Soaking: minimum of 12 hours

Preparation Time: 20 minutes

Frying: 30 minutes

Start to finish: 50 minutes


Ingredients:

1/2-kilogram dried chickpeas

1 1/4 cups chopped coriander

1 cup chopped parsley

1/2 teaspoon baking soda/bicarbonate soda

1 1/2 teaspoon coriander powder

1/2 teaspoon ground cumin

1 1/2 tablespoon salt

4 cloves garlic minced

1 small onion quartered

sesame seeds, optional

vegetable oil for frying

Method:

· In a big bowl soak the dried chickpeas overnight for a minimum of 12 hours and then wash and drain well. I recommend changing the soaking water 3 to 4 times.

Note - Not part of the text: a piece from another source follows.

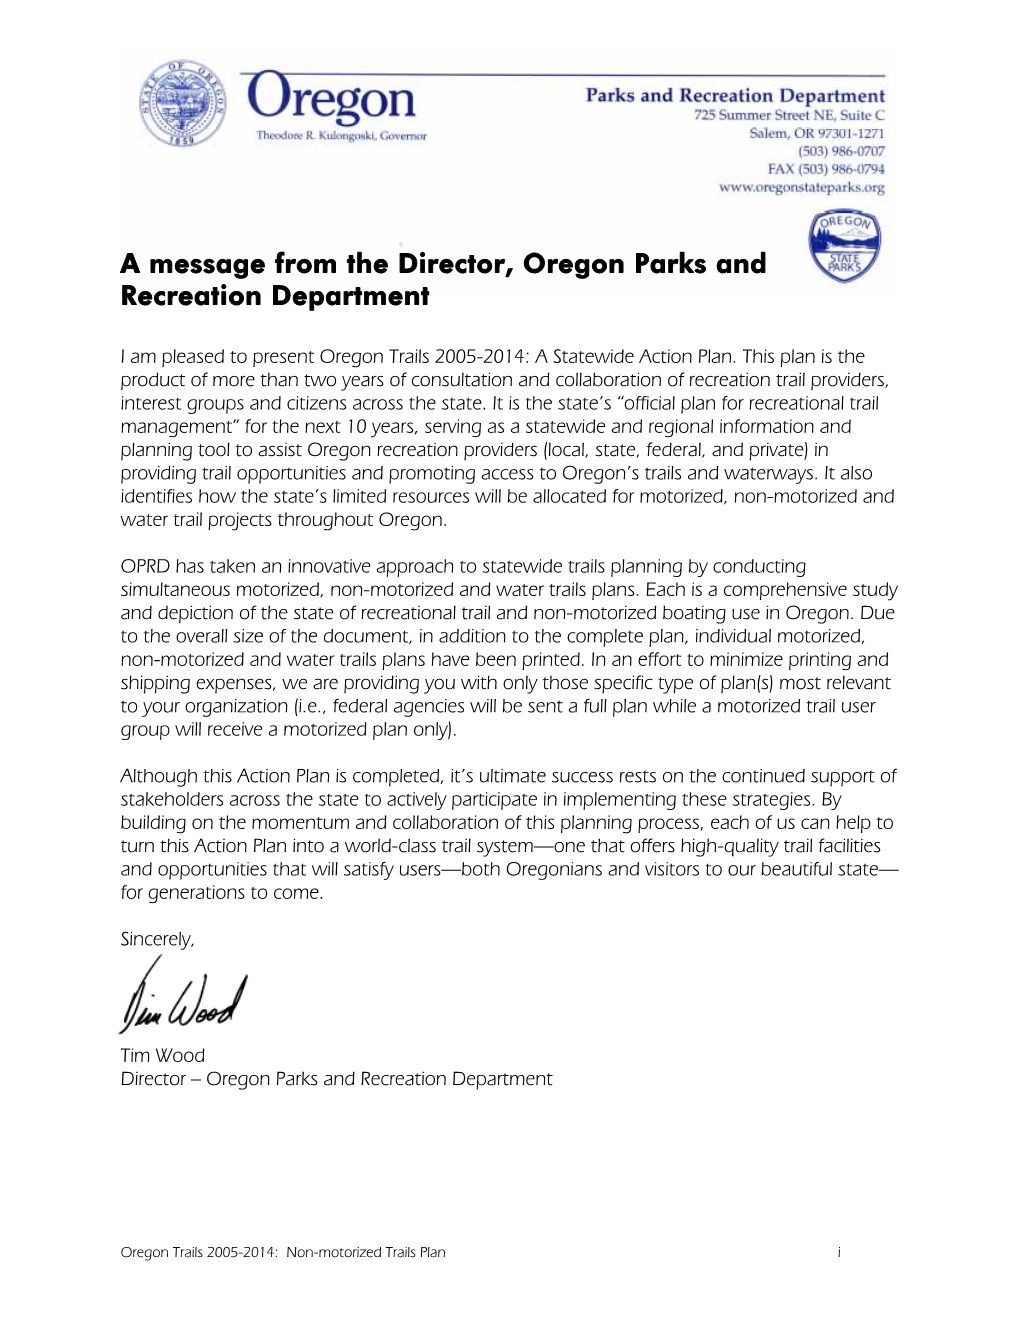 A Message from the Director, Oregon Parks and Recreation Department

· Put all the ingredients together and pass once through a meat mincer using the smallest holes.

· Place in a bowl and use immediately or store in the fridge for later use.

· Heat a pan with ample vegetable oil and once it is hot shape the falafel either by using the special spoon for it or use your hands to shape it into discs as you wish.

· Press the pattie over some sesame seeds and fry for 2 to 3 minutes until golden brown on the outside. You will find that with the first batch you will need to control the heat as the oil may be too hot if it browns too quick and still raw on the inside.

· Make the tahini sauce for falafel by following the tahini sauce recipe and adding 5 tablespoons of lemon juice to the mix.

Notes:

· A meat mincer is recommended as the chickpea paste will be even but, a food processor will work as an alternative, make sure you work on the pulse setting.

· You may use baking powder as an alternative to bicarbonate soda.

· The final texture of the falafel is perfect; however, if you like the falafel with a spongy and bouncy texture add more baking soda.

· Suitable for baking, place the patties on a tray lined with baking paper and bake in a 180 preheated oven for 10 to 12 minute, flipping them over halfway through.

· Suitable for freezing up to 3 months, flatten the dough in a zip lock bag for speed or thawing.

Per Serving: 64 Calories; 1g Fat (14.8% calories from fat); 3g Protein; 11g Carbohydrate; 3g Dietary Fiber; 0mg Cholesterol; 112mg Sodium.